All that stands in the way of the SWAC avoiding the doomsday scenario of having one of four ineligible schools win the conference tournament is for Arkansas-Pine Bluff to be the underachievers they’ve been all season.
I’m sure SWAC Commissioner Duer Sharp breathed a deep sigh of relief (even if he won’t admit it) after 22-loss Prairie View knocked off regular season conference champion Southern 64-46 in Wednesday’s SWAC tournament semifinal game.
Southern, the favorite to win the 10-team tournament, although the team was banned from postseason play by the NCAA on Feb. 27, is now eliminated.
So are Mississippi Valley State and Grambling State even though both teams were more than likely not going to win the tournament unless the NCAA and the SWAC ruled that eight teams were somehow academically ineligible and stuck with the verdict.

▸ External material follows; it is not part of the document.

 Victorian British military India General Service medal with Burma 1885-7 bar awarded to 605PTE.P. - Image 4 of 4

In the days leading up to the tournament, critics from far and wide solicited heavy-handed criticism toward the SWAC and its Council of Presidents and Chancellors for recklessly allowing Southern, Mississippi Valley State, Grambling State and Arkansas-Pine Bluff to play in its crown jewel spring event in the fourth largest city in America.
Sacrificing academic integrity for a financial boon was the outcry from columnists, social media types and message board trolls analyzing the decision from their weather-resistant high horses.

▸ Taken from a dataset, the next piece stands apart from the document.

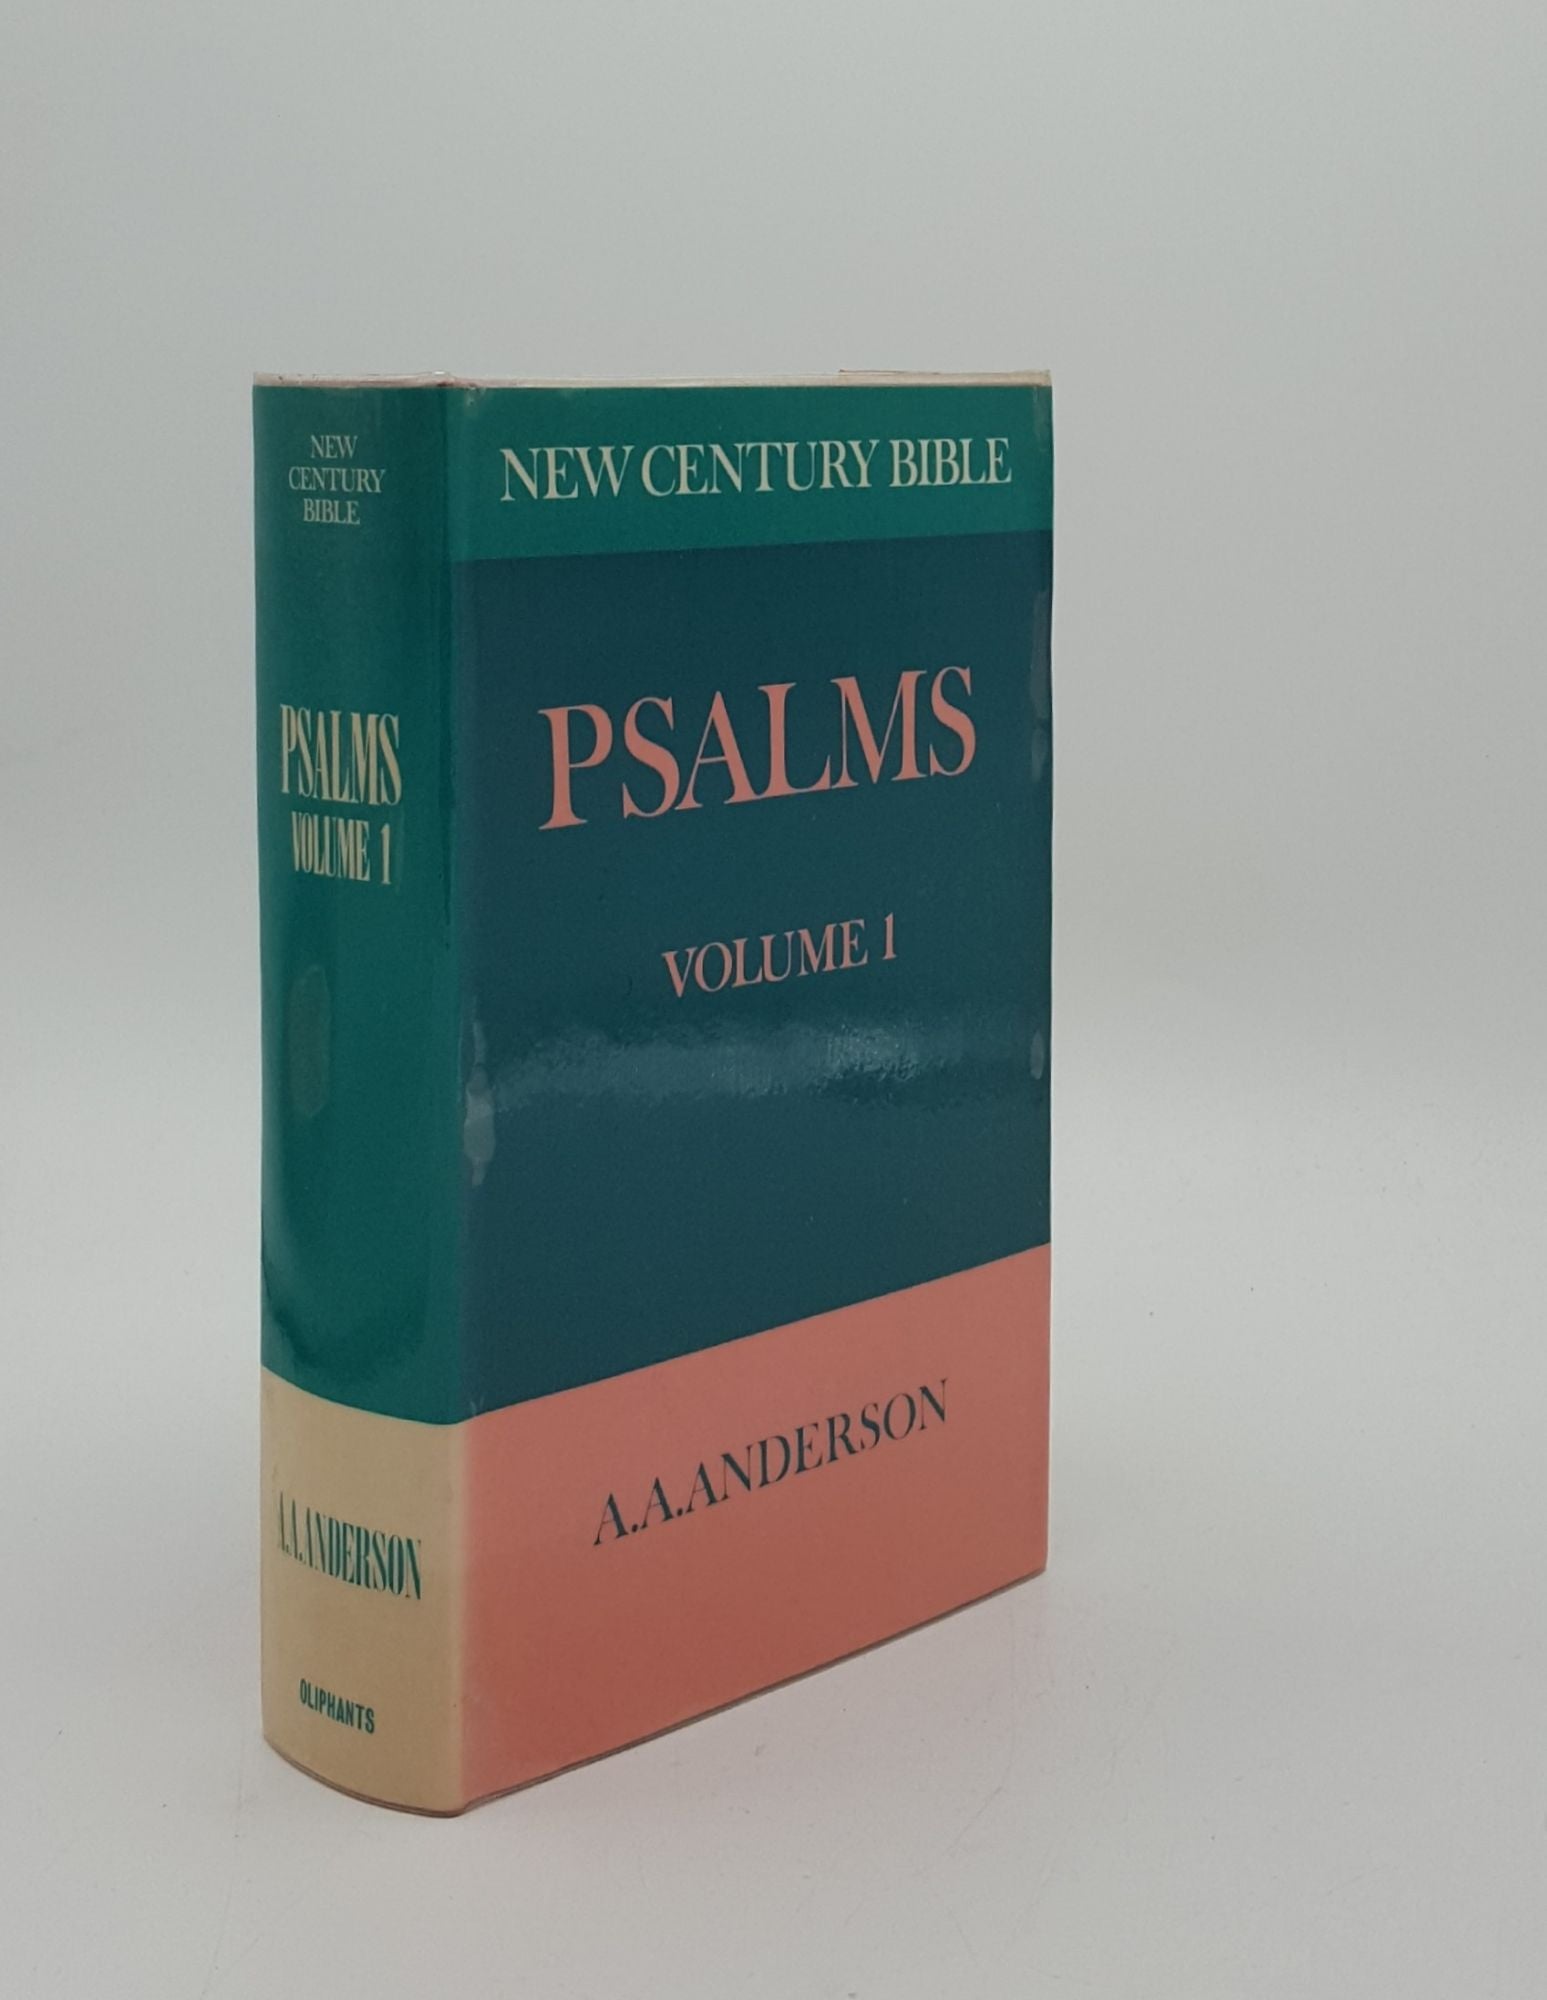 ANDERSON A.A. - The Book of Psalms Volume I Introduction and Psalms 1-71 [&] Volume II Psalms 73-150 New Century Bible

Those loud tones were sure hushed last night, and will be reduced to a murmur once Alabama A&M goes Golden Lion hunting later today.

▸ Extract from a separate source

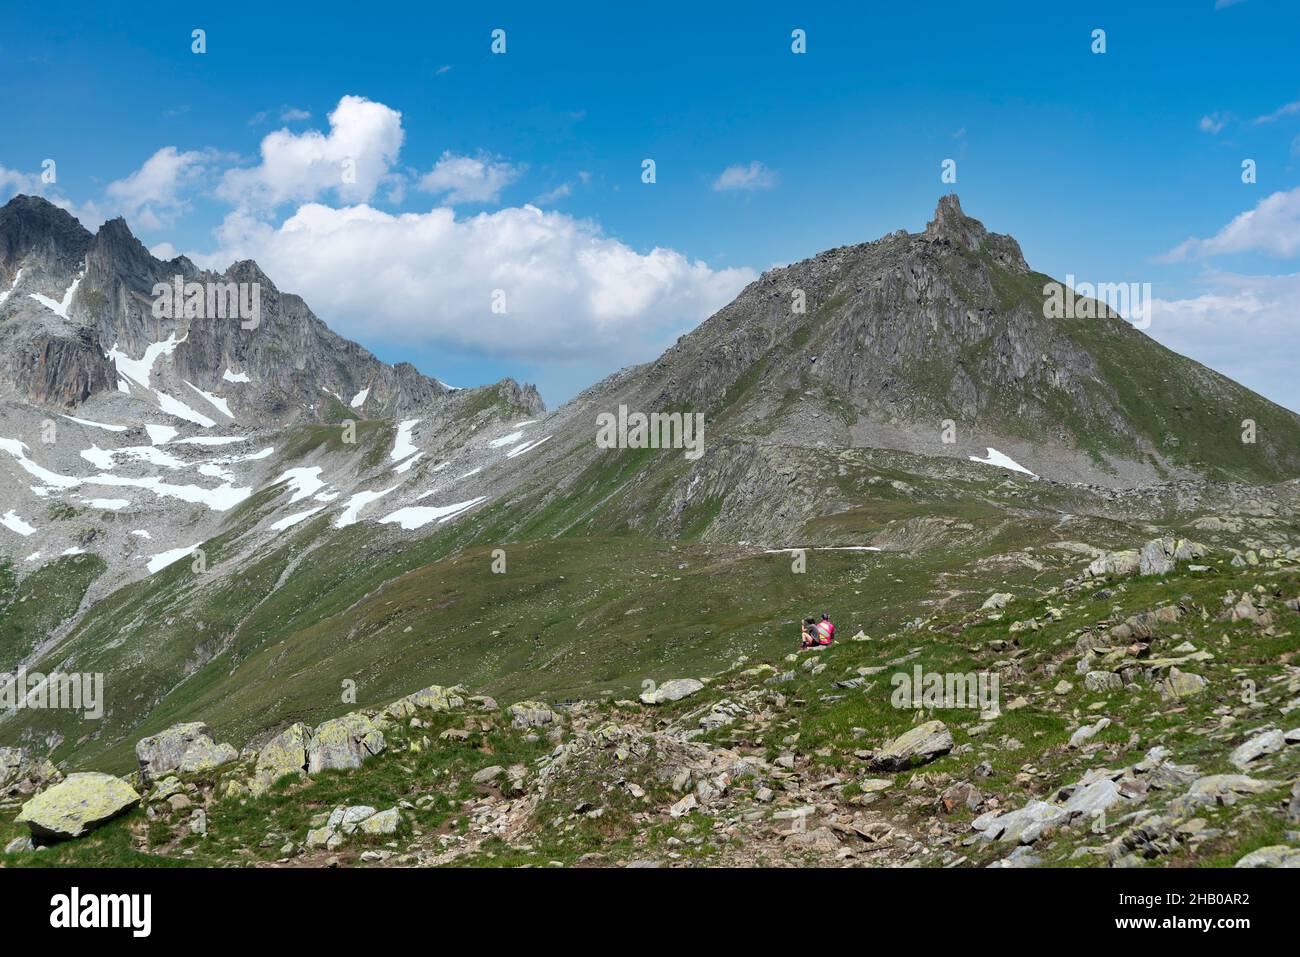 Alpine landscape at the Nufenen Pass with the mountains Piizzo Gallina and Chilchhorn, Ulrichen, Valais, Switzerland, Europe Stock Photo

Fear-mongering over the prospect of an ineligible school holding up the trophy and cutting down the nets Saturday while an eligible and trophyless school – either in the title game or prior – advances anyhow due to “bureaucracy,” according to one scribe.
It was almost as if some were hoping Sharp would have to explain to the national media and college basketball big foots why that scenario was allowed to happen in the first place to quench their unhealthy thirst for SWAC embarrassment with the hopes that the scrutiny would force the league to change its hustilin’ backward ways.
Never mind the fact that few outside the SWAC knows the league even exists or the APR circumstance individual schools found themselves in.
There surely would have been former athletes and coaches turned professional multimedia opinionaters at the ready to make you care like the SWAC, or HBCUs, have had this long rap sheet of undeservedly getting over.
Thank you, Prairie View.
Now, Sharpe will grab him a comfortable seat inside the Toyota Center while seriously pondering whether to don crimson-colored Alabama A&M regalia.
Go, Bulldogs.
I think people are putting waaaay to much emphasis on the scenario that an eligible team might win.
At the end of the day the eligible team that advance the furthest goes to the big dance.